▸ **EXERCISE OBJECTIVE**:
With pictures left out, output word for word the lines from the one containing "Licensed Residential Pool" through the end of the material below.

▸ **COLLECTED DATA**:
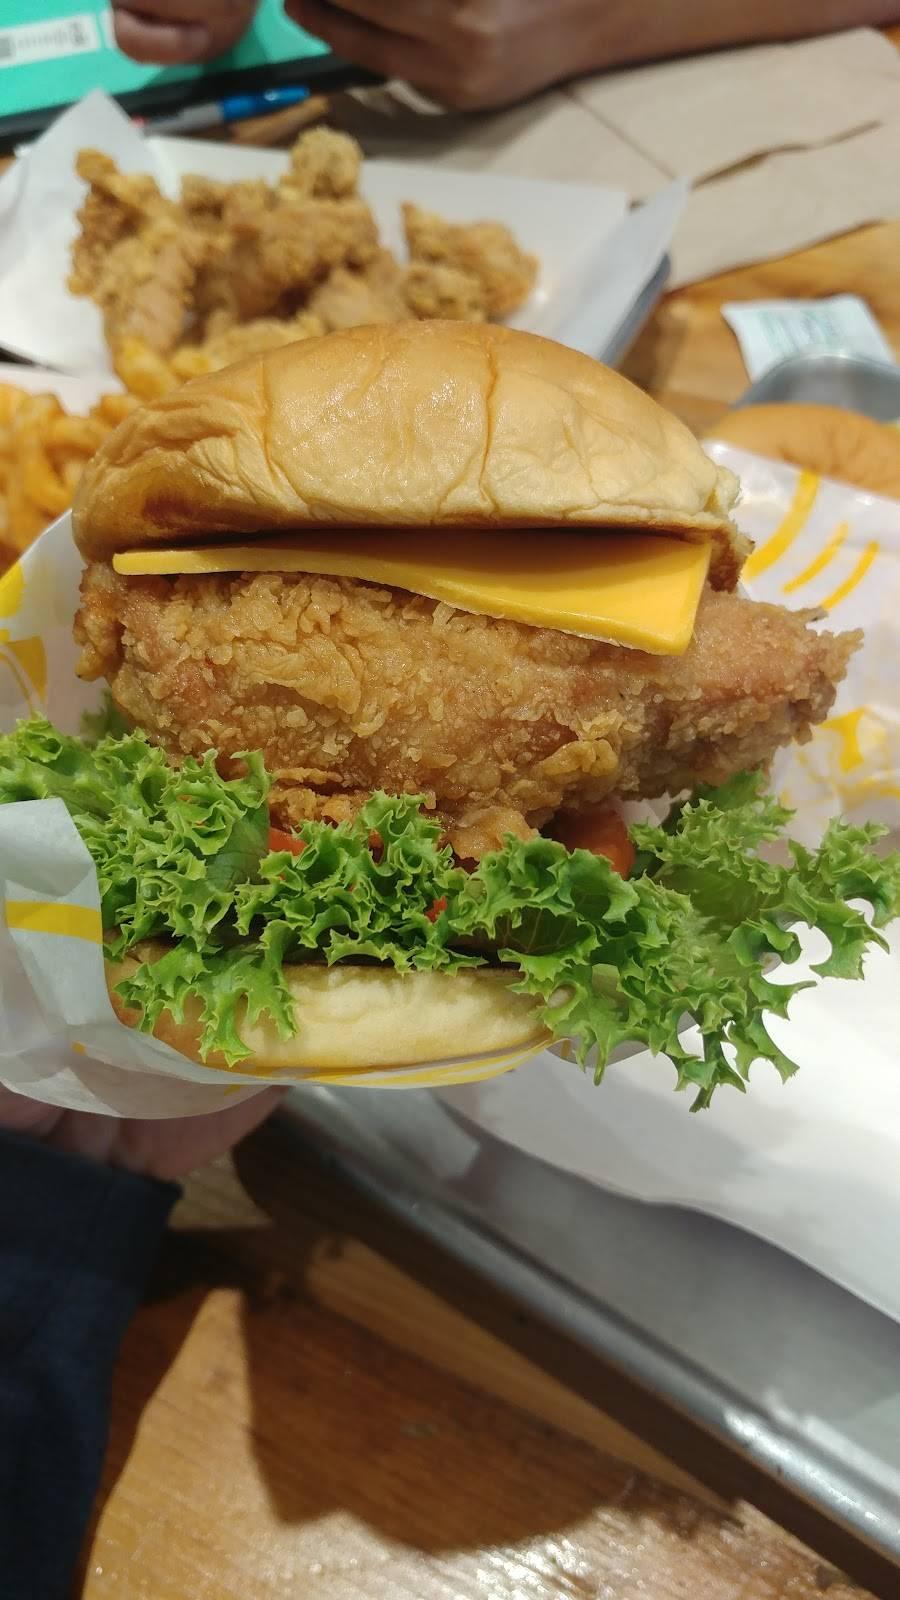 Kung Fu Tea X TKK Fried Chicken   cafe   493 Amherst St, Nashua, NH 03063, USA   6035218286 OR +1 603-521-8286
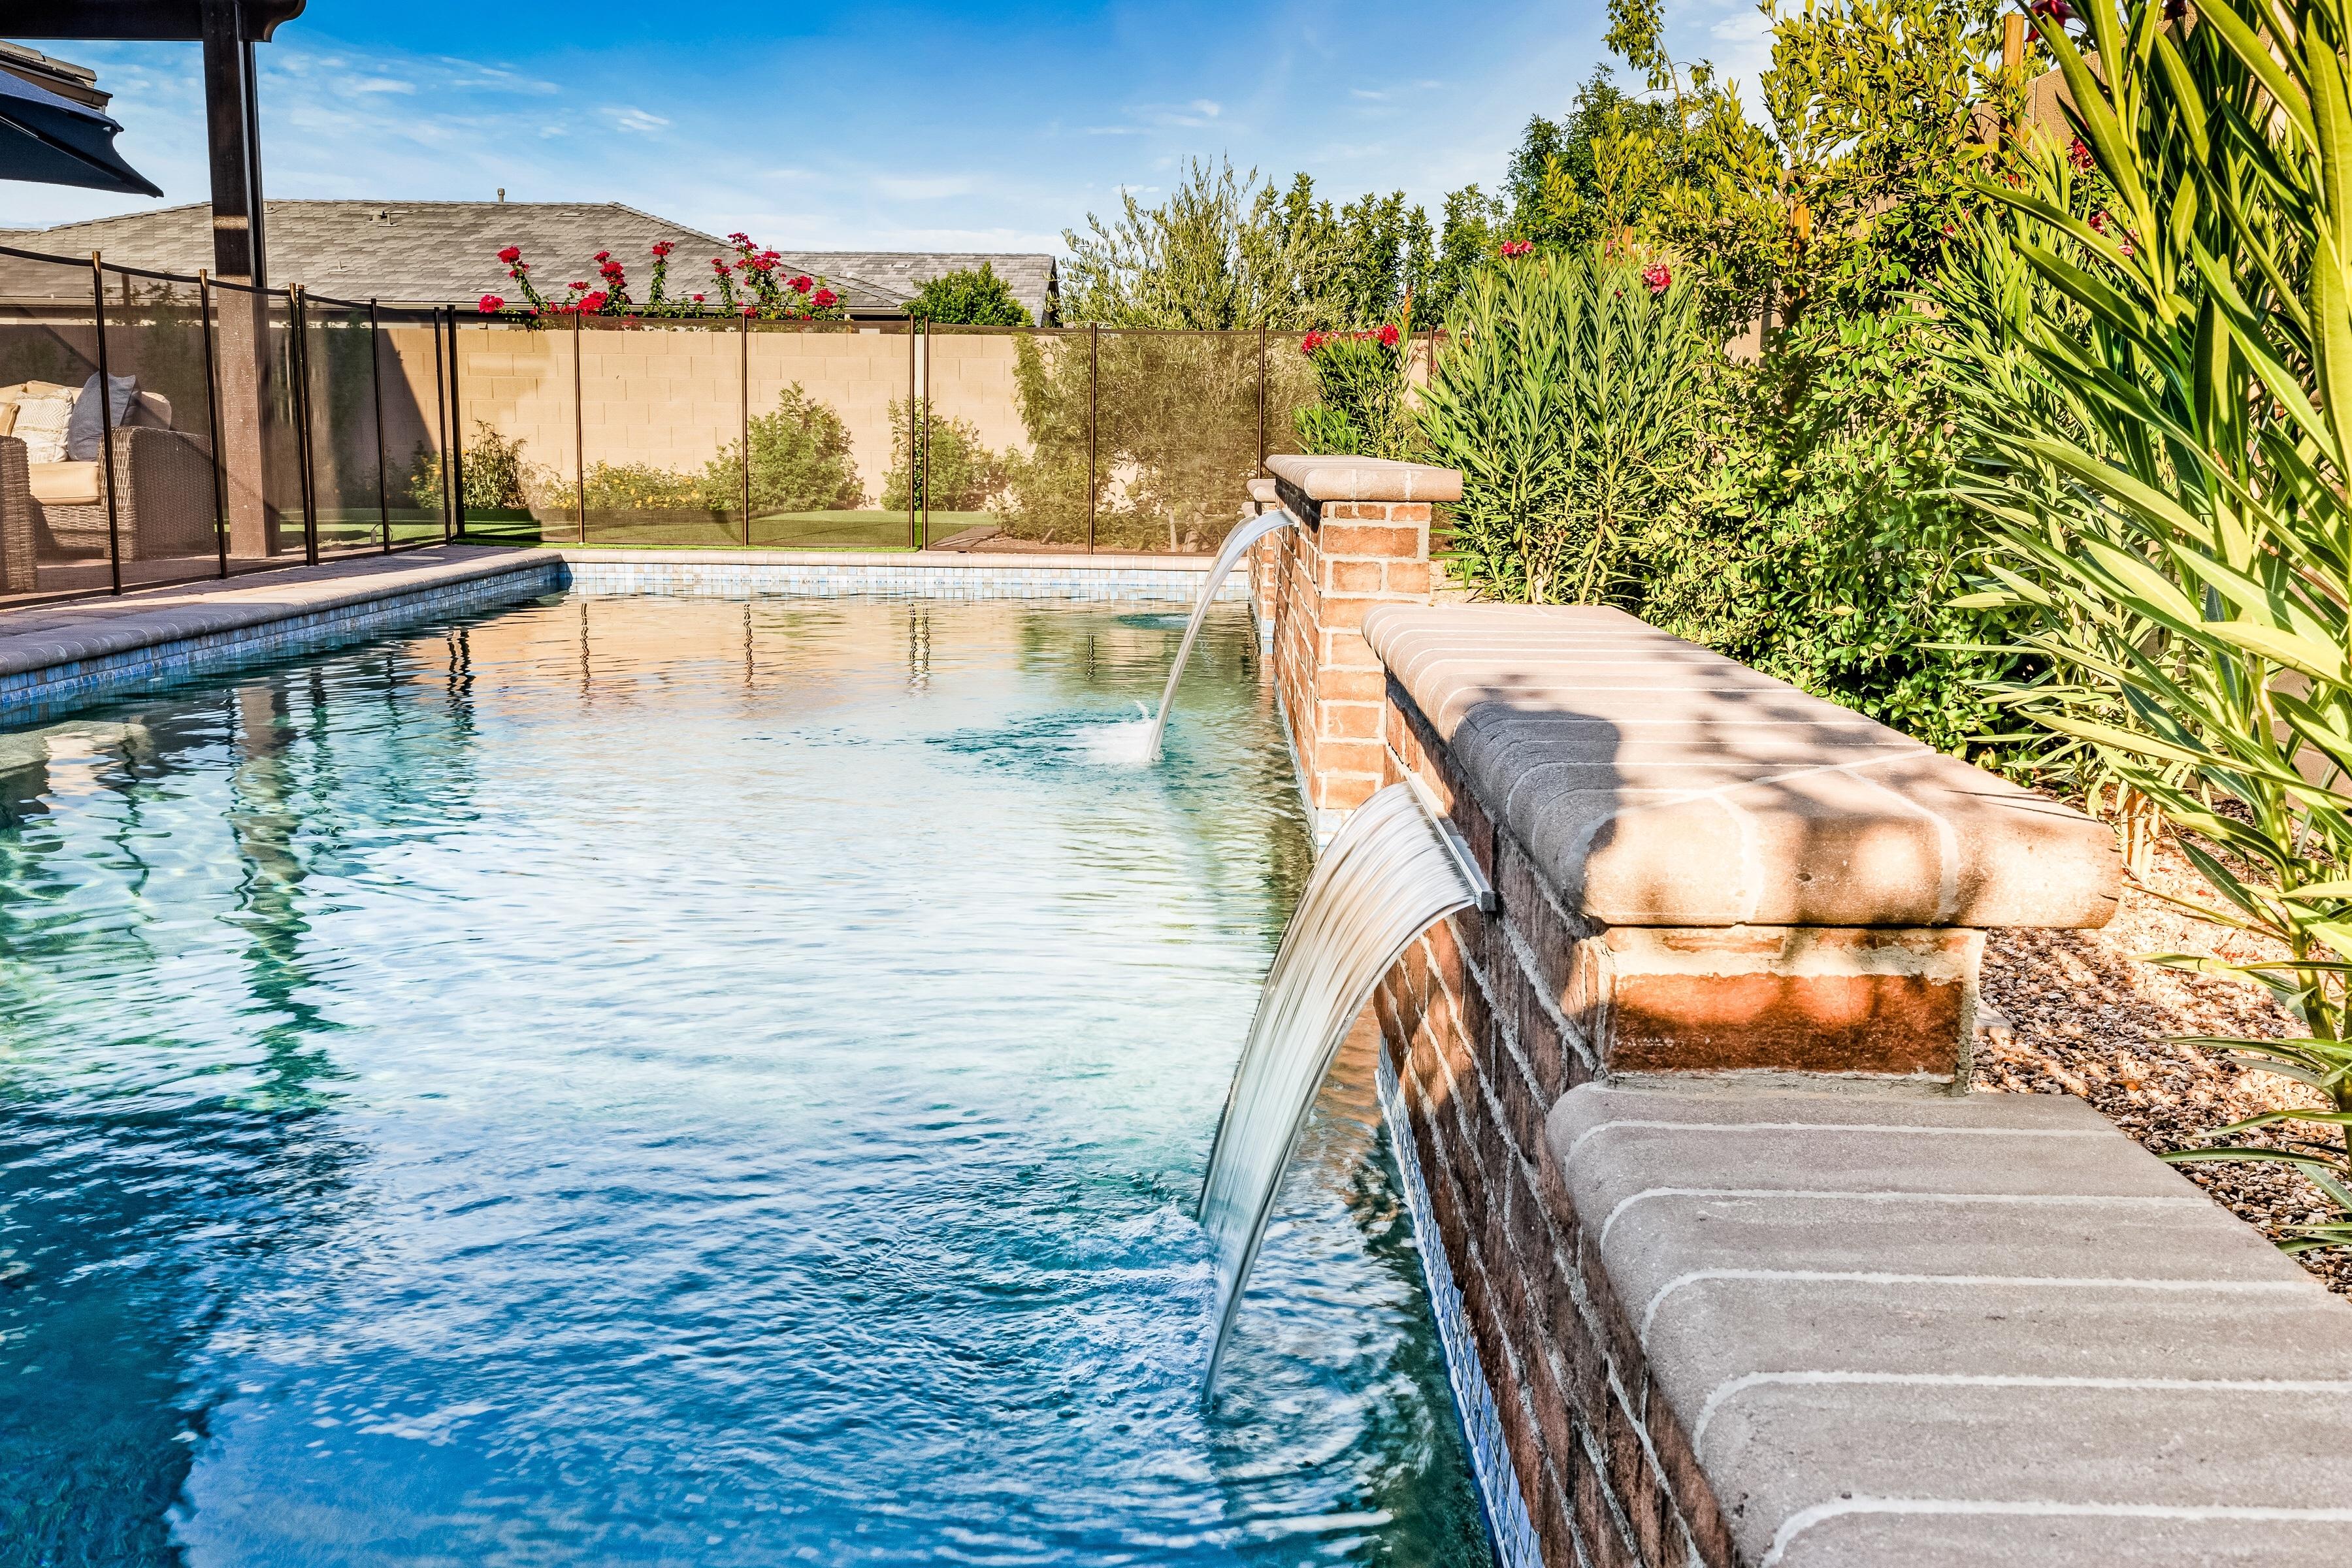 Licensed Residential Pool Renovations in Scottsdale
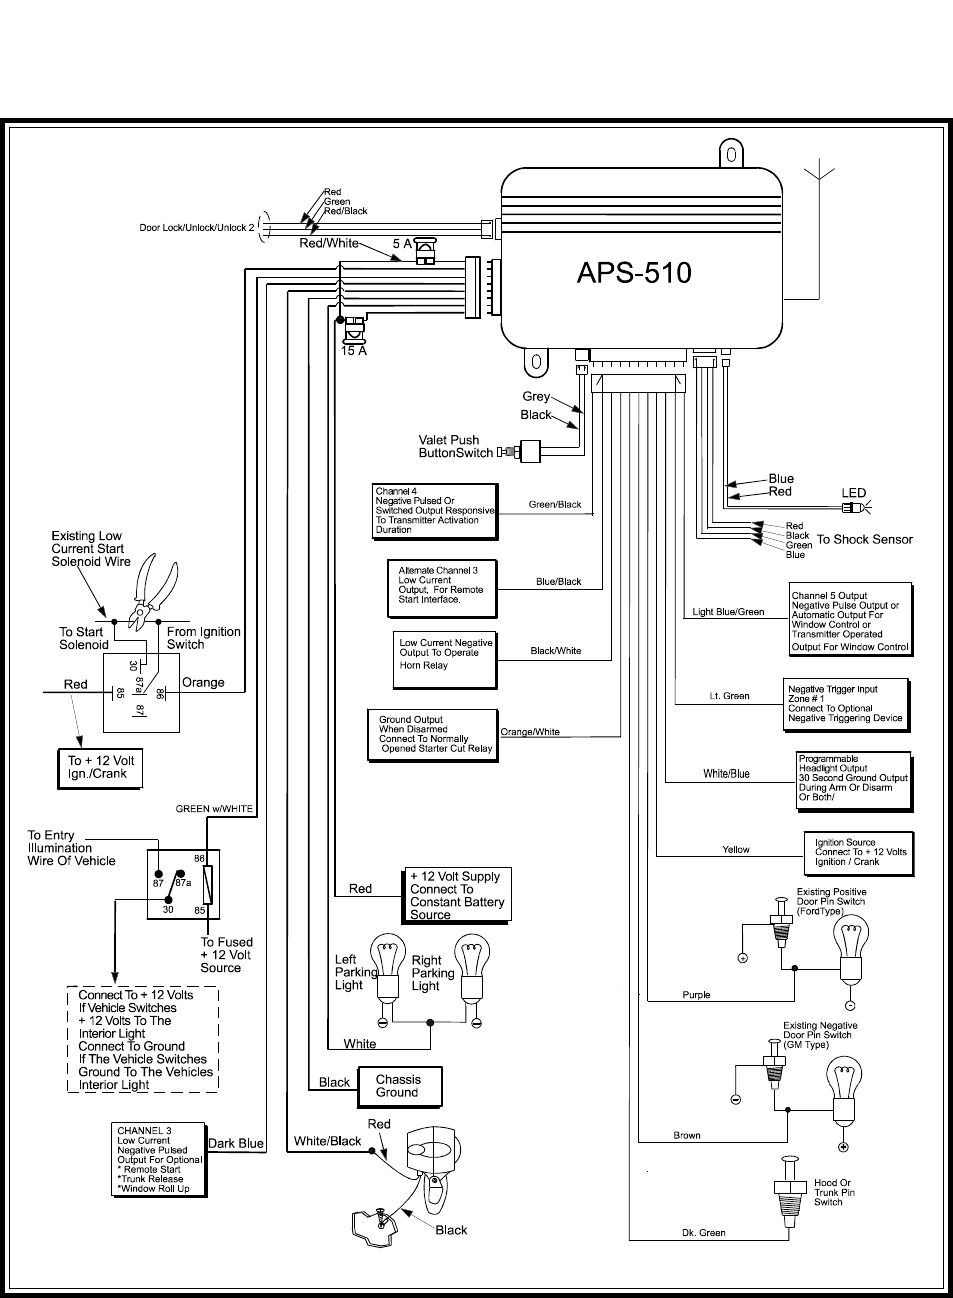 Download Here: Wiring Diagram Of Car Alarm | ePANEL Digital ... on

▸ **EXPECTED ANSWER**:
 Licensed Residential Pool Renovations in Scottsdale
 Download Here: Wiring Diagram Of Car Alarm | ePANEL Digital ... on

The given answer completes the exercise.